Within CAPS, you define what is called a correlation key, which is made up of the aliases described above. Then you define a correlation set based off of the correlation key. I'm not really sure why the extra step of creating a correlation key, but that is the mechanics involved. As shown below, this correlation key/correlation set is defined on the properties sheet of the business process.


In this example, the correlation key is made up of a single alias, the message correlation ID. In reality, the alias can be made up of one or more message parts that exist in the business process.


Once defined, the correlation set needs to be applied to activities within the business process. One activity should initialize the correlation set, while another process should use the correlation set.


The difference being the value for the "Initialize Set" field. Also, depending on the type of activity for which you are using correlation sets, you may get the following dialog:


On this dialog, you need to select where the application of the correlation set should take place, at the input of this activity, the output, or both. I'm not really sure what it means to use "both", but I hope to experiment with this sometime in the future.

In order to have the business process use the correlations, there must be a receive activity somewhere in the midst of the business where we are waiting for a message. So in the typical example above, we may be waiting for the invoice to arrive on a message queue somewhere after the PO has arrived in our business process.

So here is how the process works, using a simple business process shown below:

A PO comes in via JMS (PO number 123). The business process is instantiated. This receive activity is configured to initialize a correlation set as shown previously. Execution of the various activities and business rules will continue until the next receive activity is encountered (JMS.receive Invoice). At this point the business process is persisted using the identifier specified in the correlation set. In our example this would be the correlation message header property of the inbound JMS message (123). At some future time, an invoice shows up on the appropriate message queue for PO 123. This invoice has the correlation Id of the JMS message header set to the purchase order, so the BPEL engine looks for a business process instance with a correlation identifier which includes the name of the correlation set (corrSetCorrelationID) and a value of 123. If this is found, the business process instance is retrieved (with its state intact) and the process continues to completion.

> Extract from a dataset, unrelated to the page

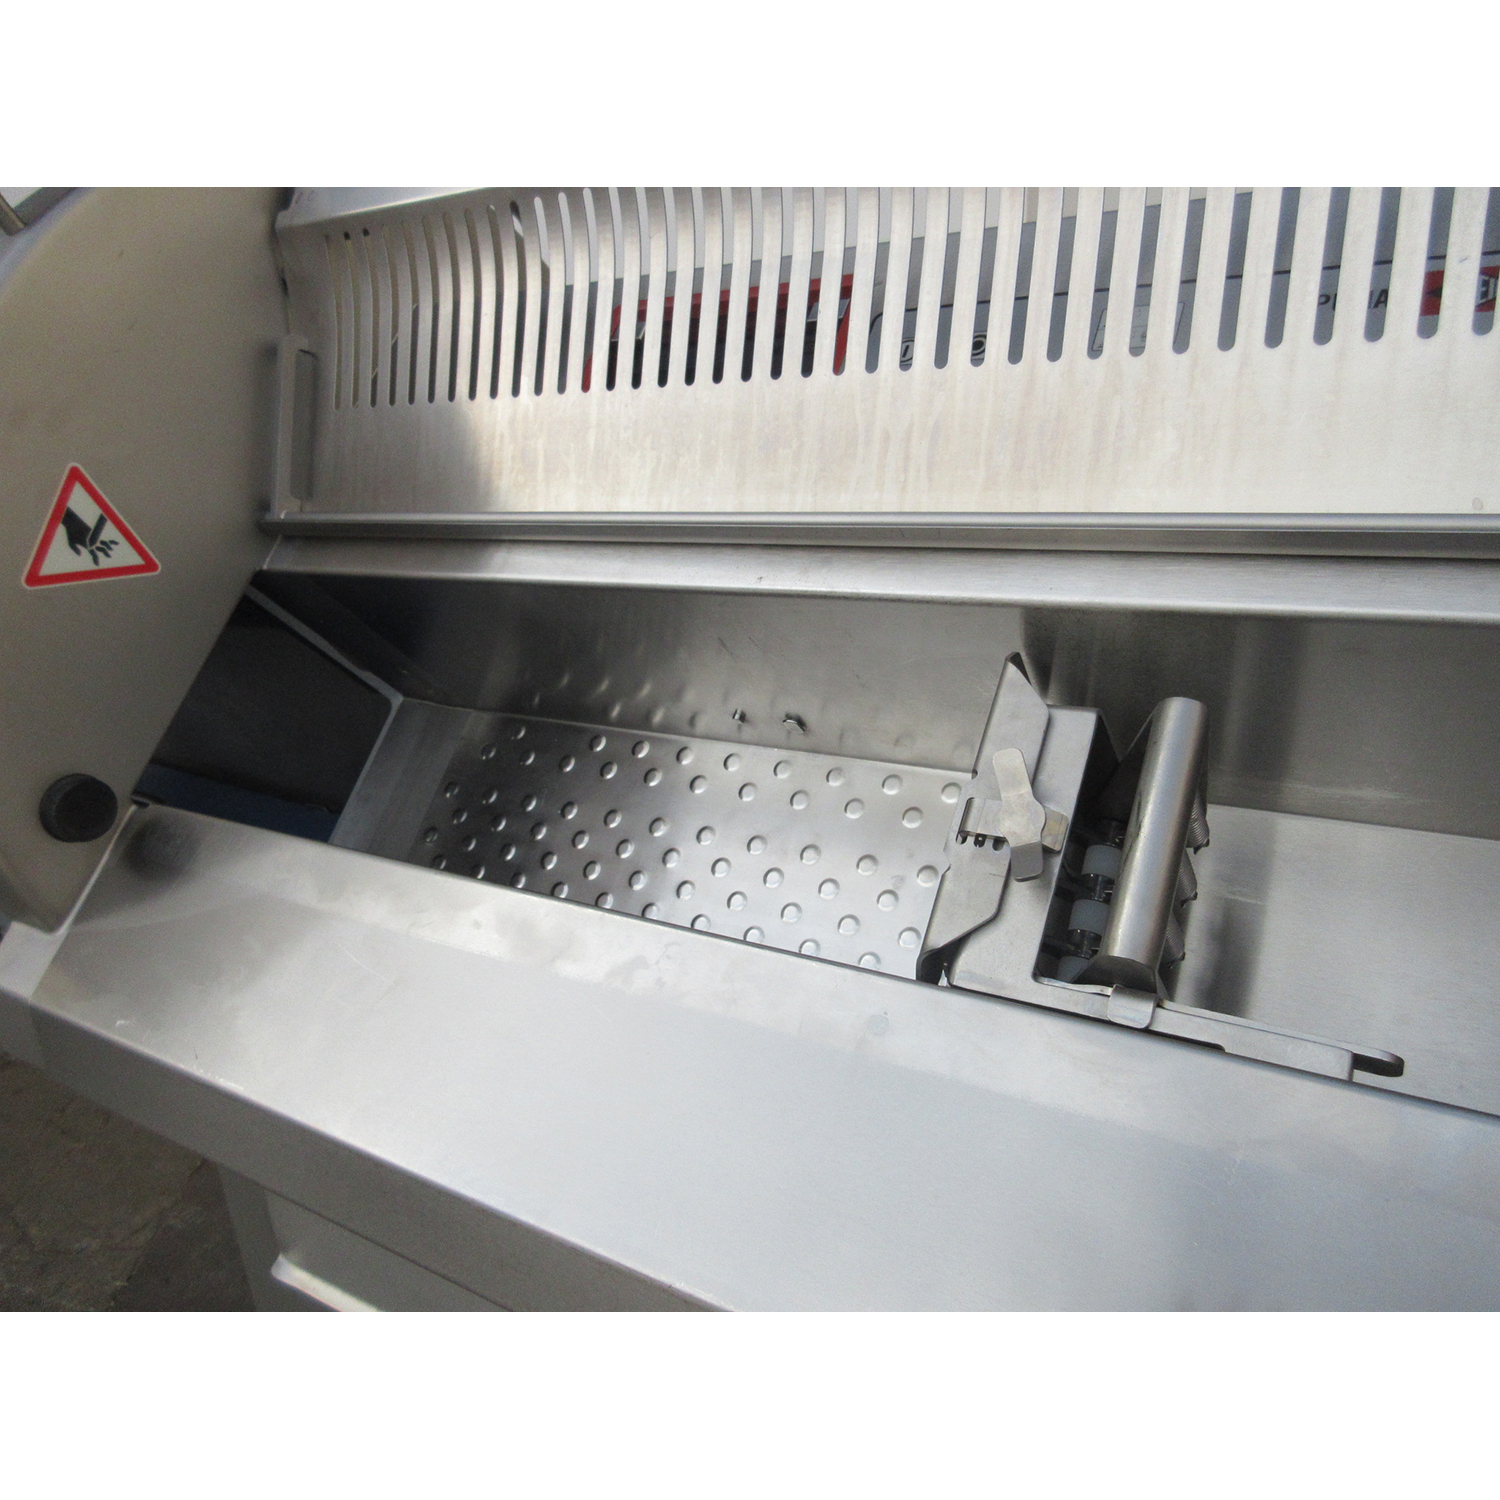 Treif PUMA CE 700EB Meat Portion Slicer, Used Excellent Condition image 3

This is a real simple example which uses the JMS message header as the correlation set alias. This requires the applications creating the messages to populate this field prior to sending the message. A more elegant solution is to use actual message values to correlate on, but the goal of this post was to introduce the basics of correlation.

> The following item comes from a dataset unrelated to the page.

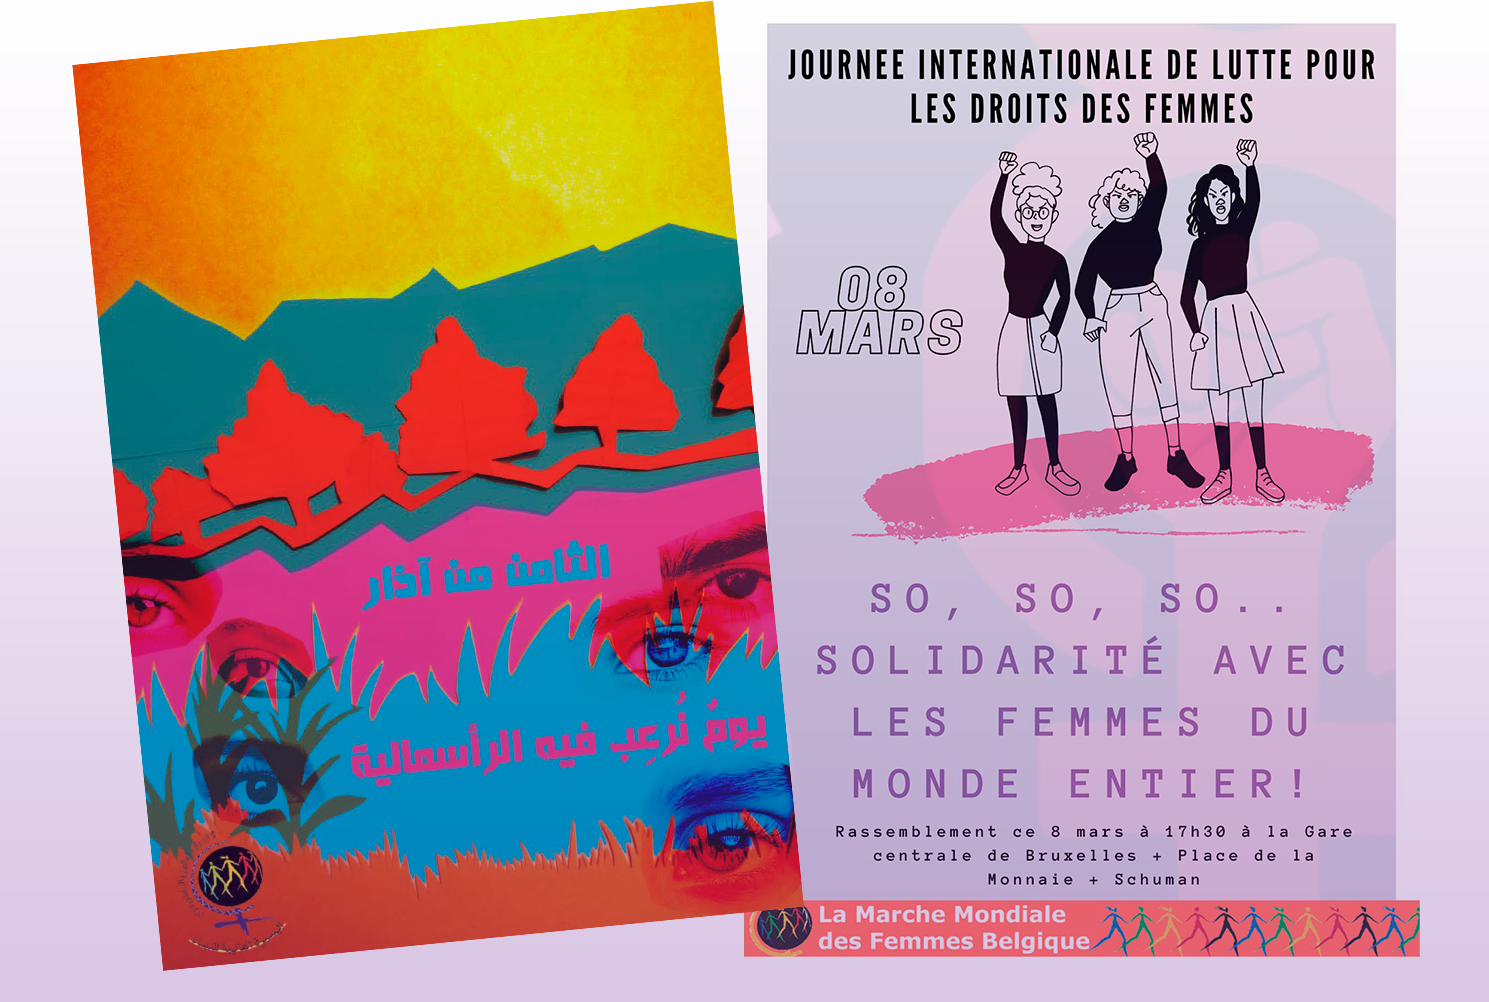 Call for Posters: Anti-Imperialist Feminism To Change the World

You can find tutorials that show how easy this is to do on many of the SOA product suites. Tutorials are great, but they hardly translate to real world problems. Here is where my real world "challenge" came into play. The CAPS tutorials that I found really didn't explain the entire correlation configuration and mechanics. In my next post, I'll discuss the challenges I encountered applying correlation to my business process (described here) and the final implementation. Although this will present correlation relative to CAPS, I believe this will translate well into other product implementations of correlation.